** Work item **
Without the images, print every line of the material below exactly as given.

** Given material **

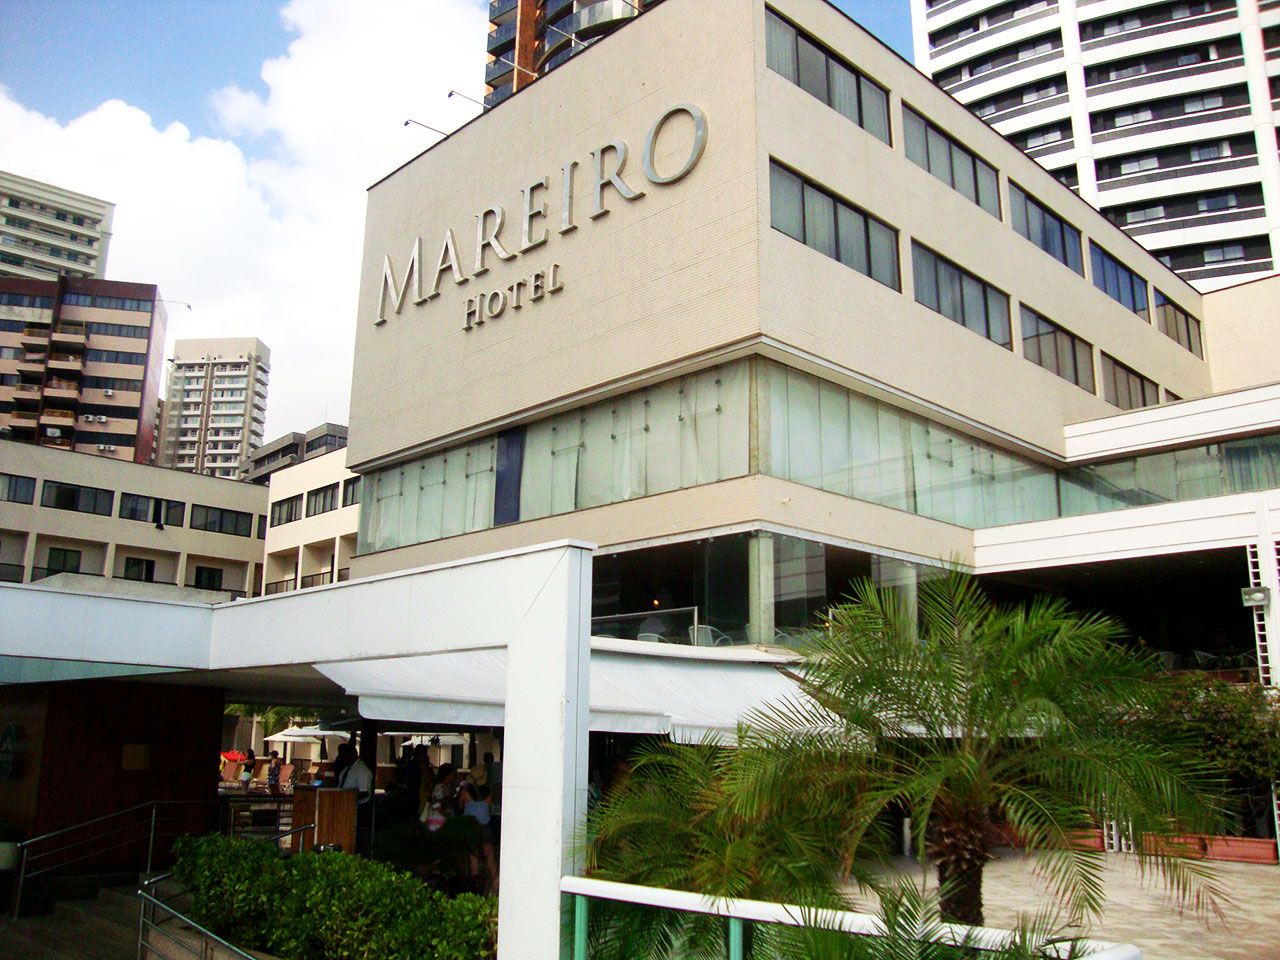 Mareiro Hotel - Fortaleza - CE
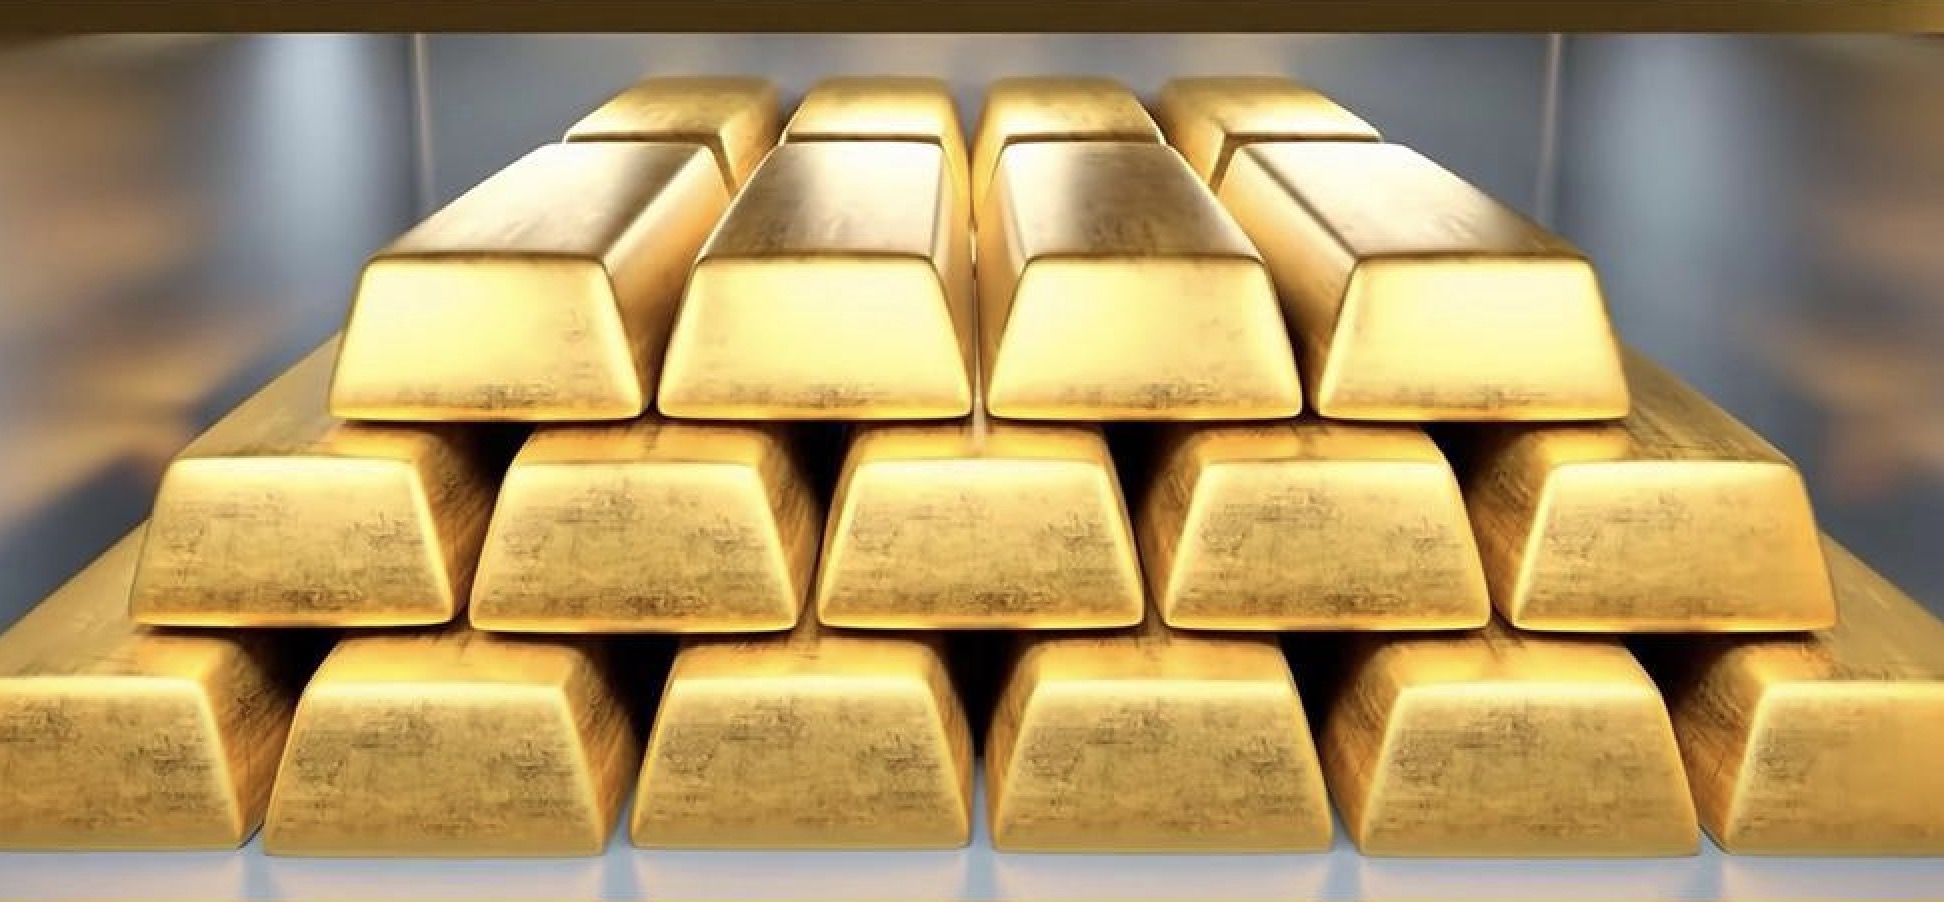 การแจ้งเตือนการซื้อขายทองคำ: GDP ของสหรัฐฯ ที่ย่ำแย่ส่งผลกระทบต่อดอลลาร์สหรัฐฯ ราคาทองคำยังคงเป็นแนวรับสำคัญในการต้อนรับข้อมูล PCE ของสหรัฐฯ
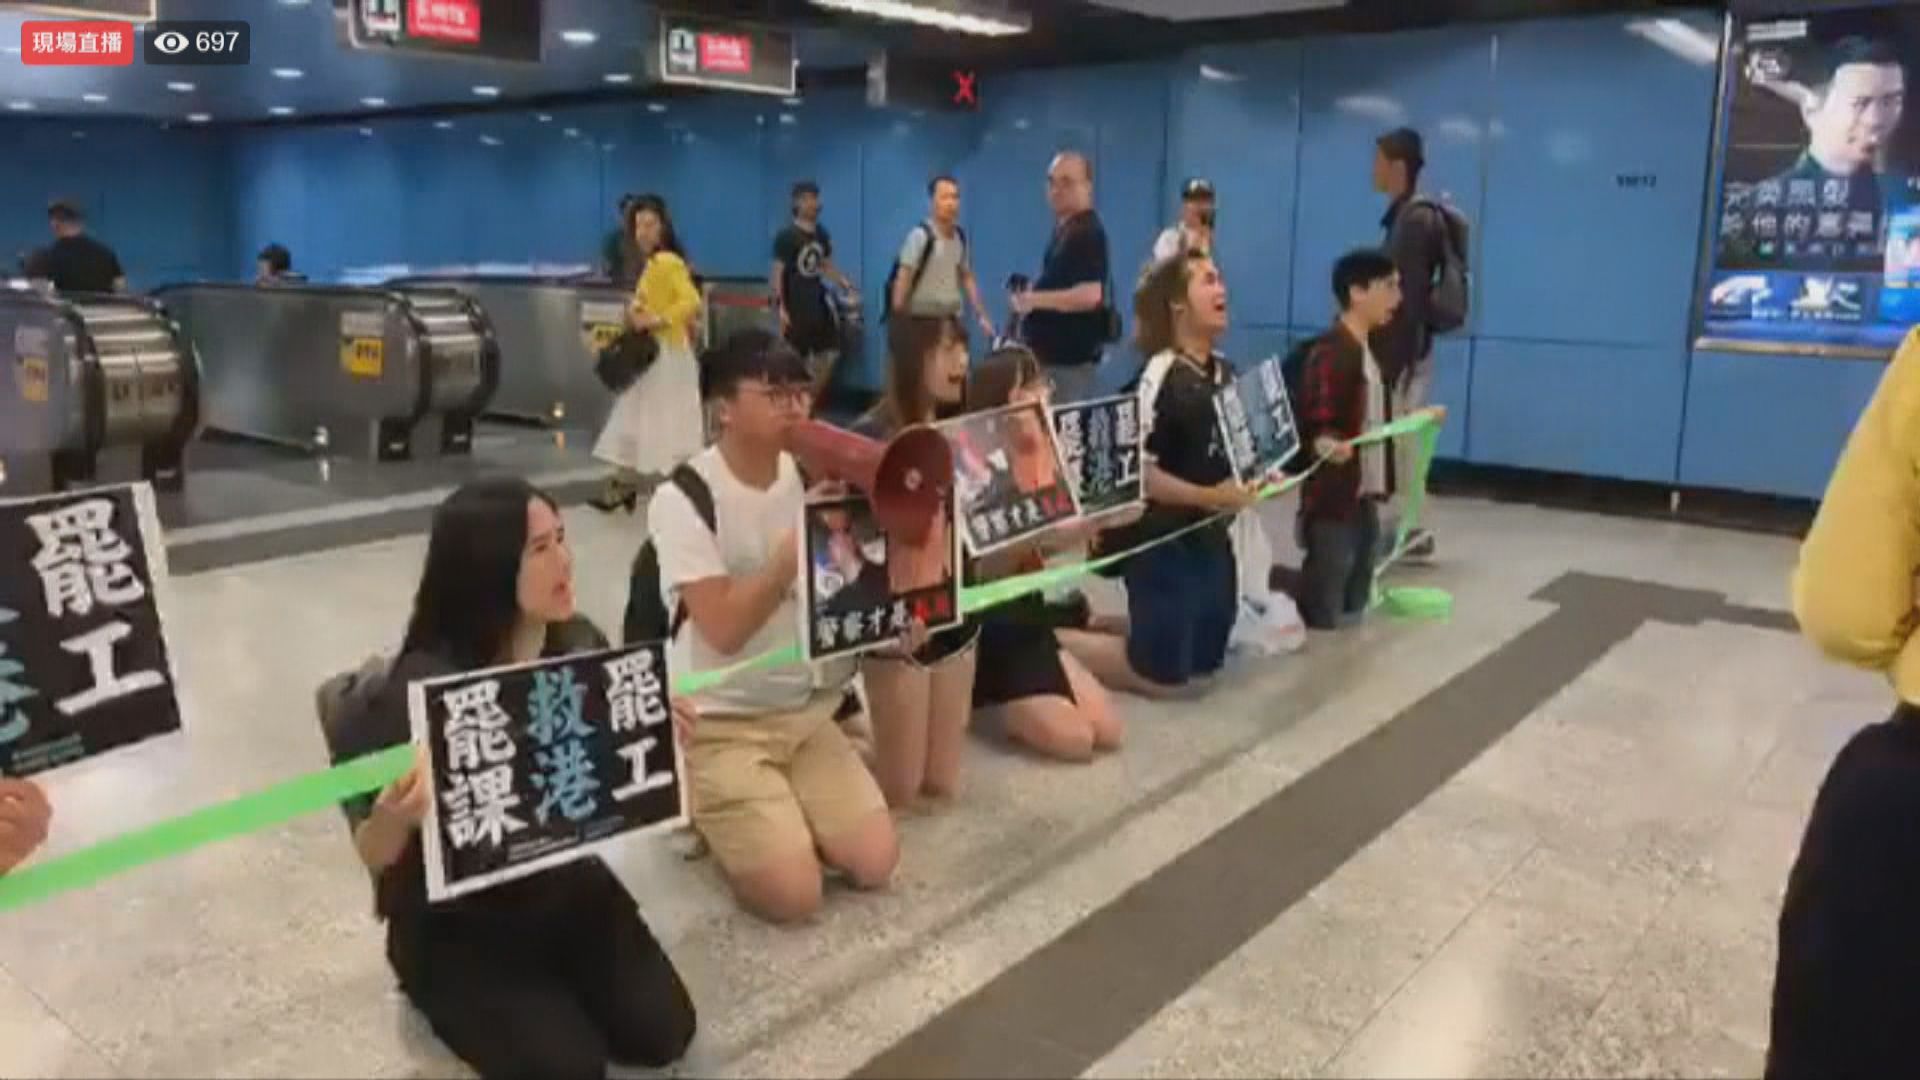 香港眾志美孚站抗議修訂逃犯條例
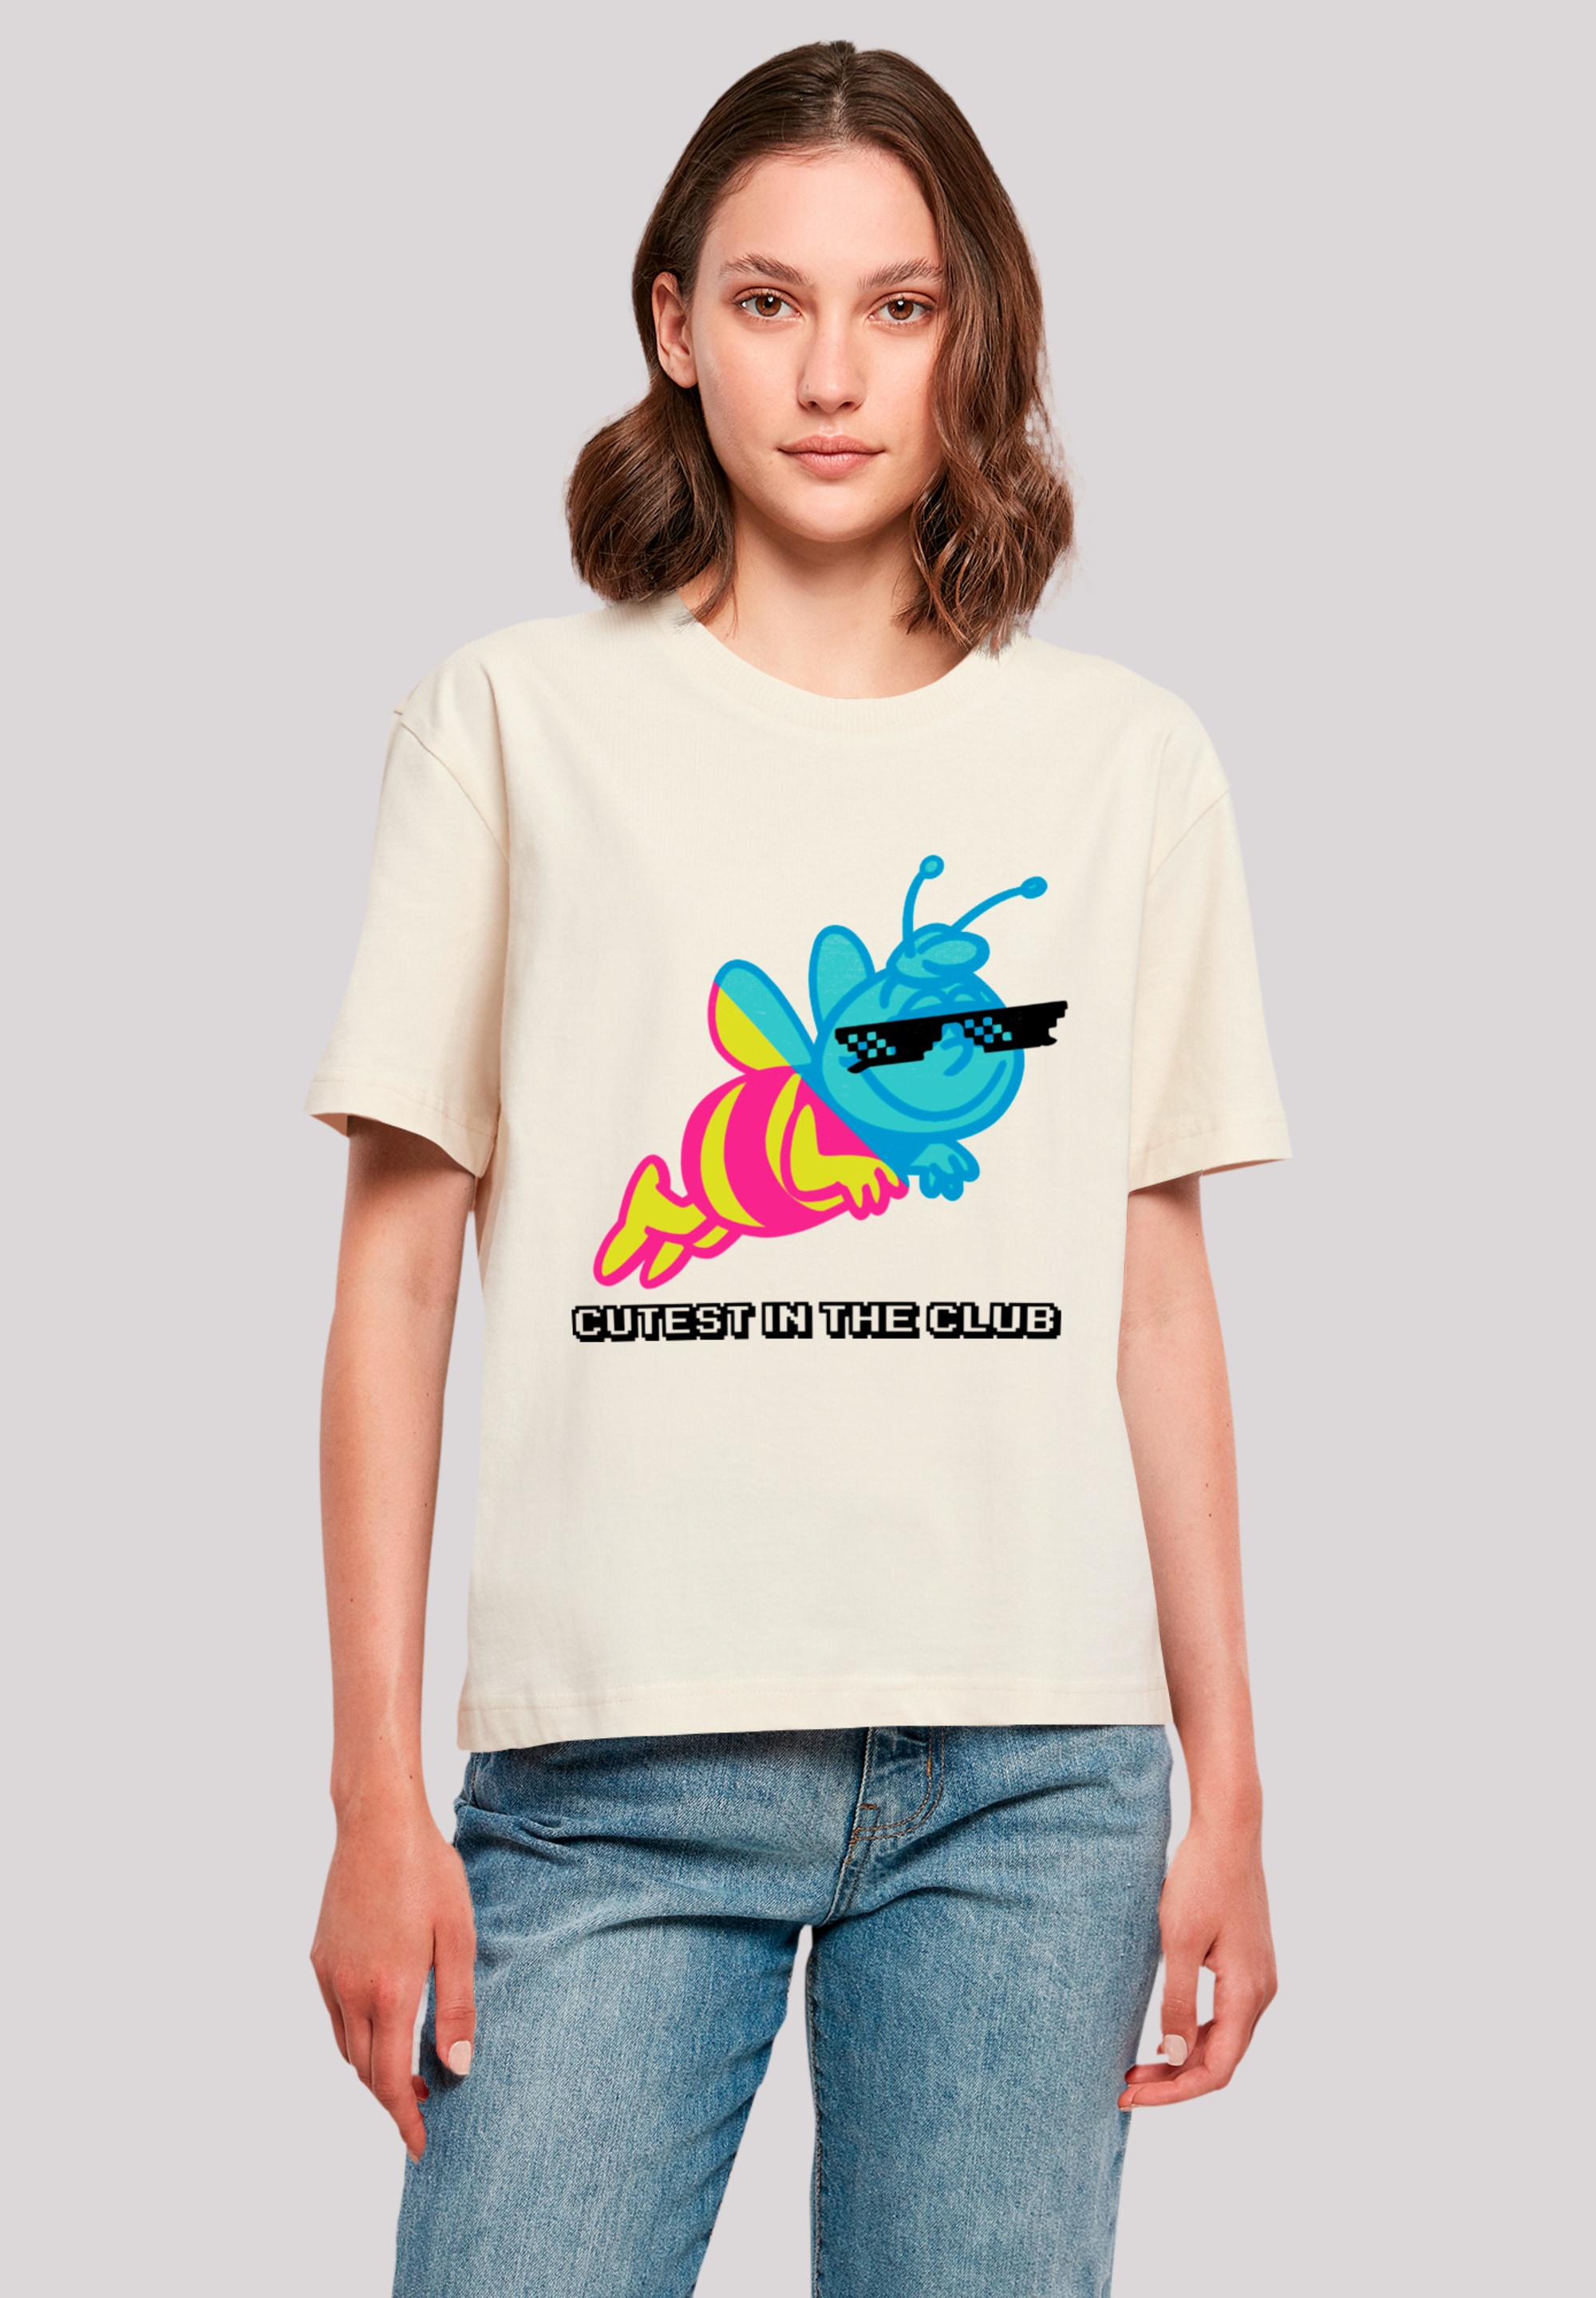 F4NT4STIC T-Shirt »Die Biene Maja Cutest In Club Heroes of Childhood«, Nostalgie, Retro, Heroes of Childhood

** Your response **
 Mareiro Hotel - Fortaleza - CE
 การแจ้งเตือนการซื้อขายทองคำ: GDP ของสหรัฐฯ ที่ย่ำแย่ส่งผลกระทบต่อดอลลาร์สหรัฐฯ ราคาทองคำยังคงเป็นแนวรับสำคัญในการต้อนรับข้อมูล PCE ของสหรัฐฯ
 香港眾志美孚站抗議修訂逃犯條例
 F4NT4STIC T-Shirt »Die Biene Maja Cutest In Club Heroes of Childhood«, Nostalgie, Retro, Heroes of Childhood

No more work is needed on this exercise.